The fine structure can be analyzed accurately. Further, according to the present invention, the device can be configured relatively easily and at a low cost simply by adding an electric circuit for superimposing a pulsed modulation current to the conventional electron microscope.

[Brief description of drawings]

FIG. 1 is an explanatory diagram for explaining how to reduce the amplitude by adding transfer functions having different defocus amounts, FIG. 2 is a pulse waveform diagram which gives a slight fluctuation to the objective lens exciting current, and FIG. 3 is FIG. 4 is a diagram showing a transfer function of an objective lens.
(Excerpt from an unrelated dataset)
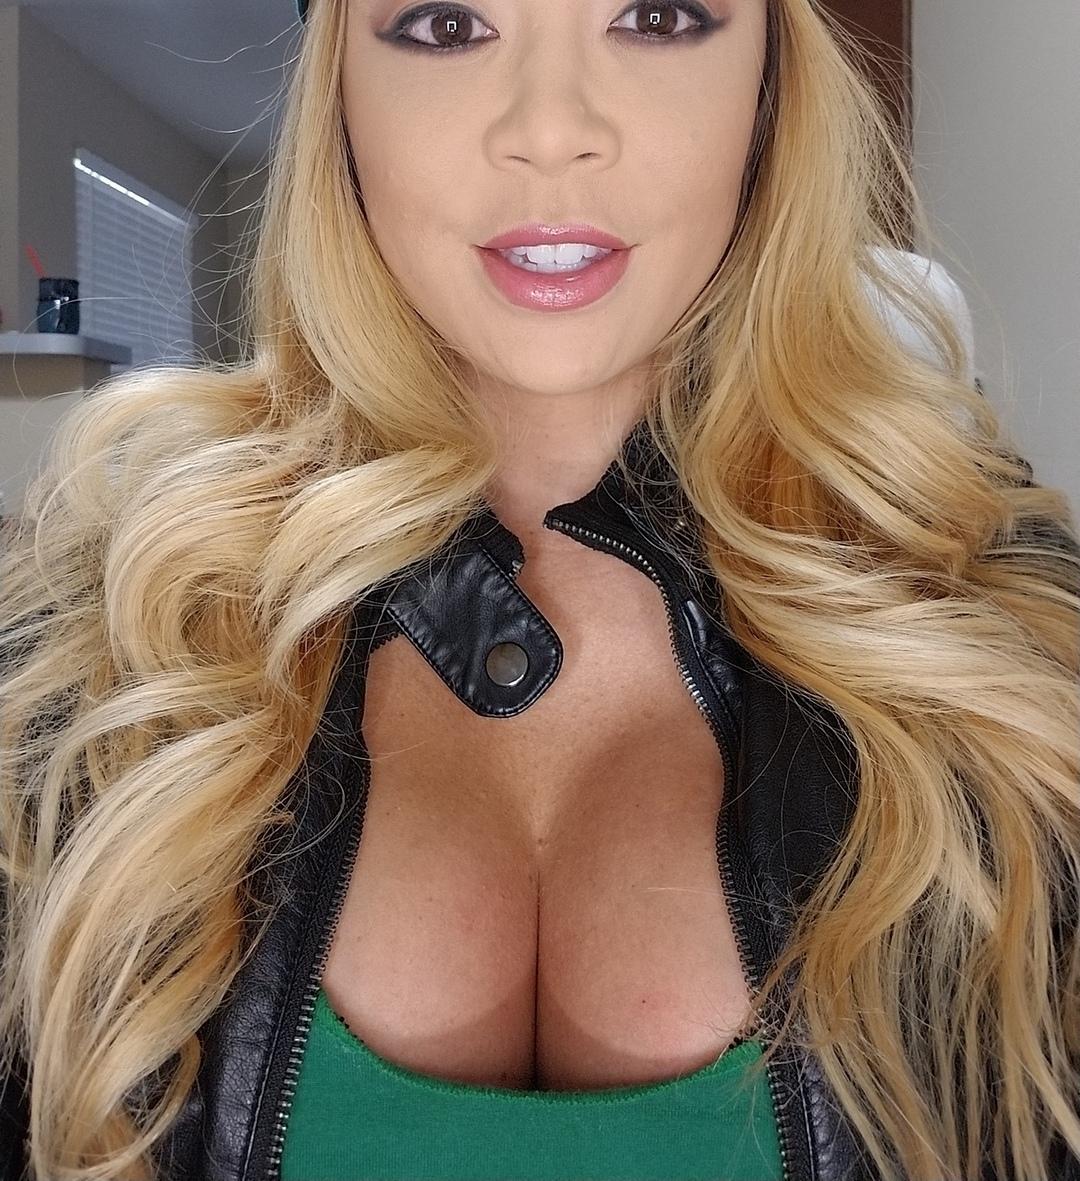 Mia Lelani Mialelanixxx Onlyfans Nudes Leaks 0031

 ─────────────────────────────────────────────────── ─── Continuation of the front page (56) References JP-A-54-139458 (JP, A) Adachi, Ishihara, Ono, Tanabe, Shimoto Co-authored "Basics of Using Electron Microscope" Kyoritsu Publishing (Sho 51-8-1) ), P. 347-352

Claims (1)

[Claims] 1. When observing a transmission electron microscope image of a sample by using a transmission electron microscope using a magnetic field type objective lens, a pulse having a portion where the defocus amount linearly changes in the exciting current of the lens. A method for observing a high-resolution non-interferometric image, which comprises superimposing a modulation current so as to give a change in the amount of defocus, and reducing the phase contrast in the obtained transmission electron microscope image.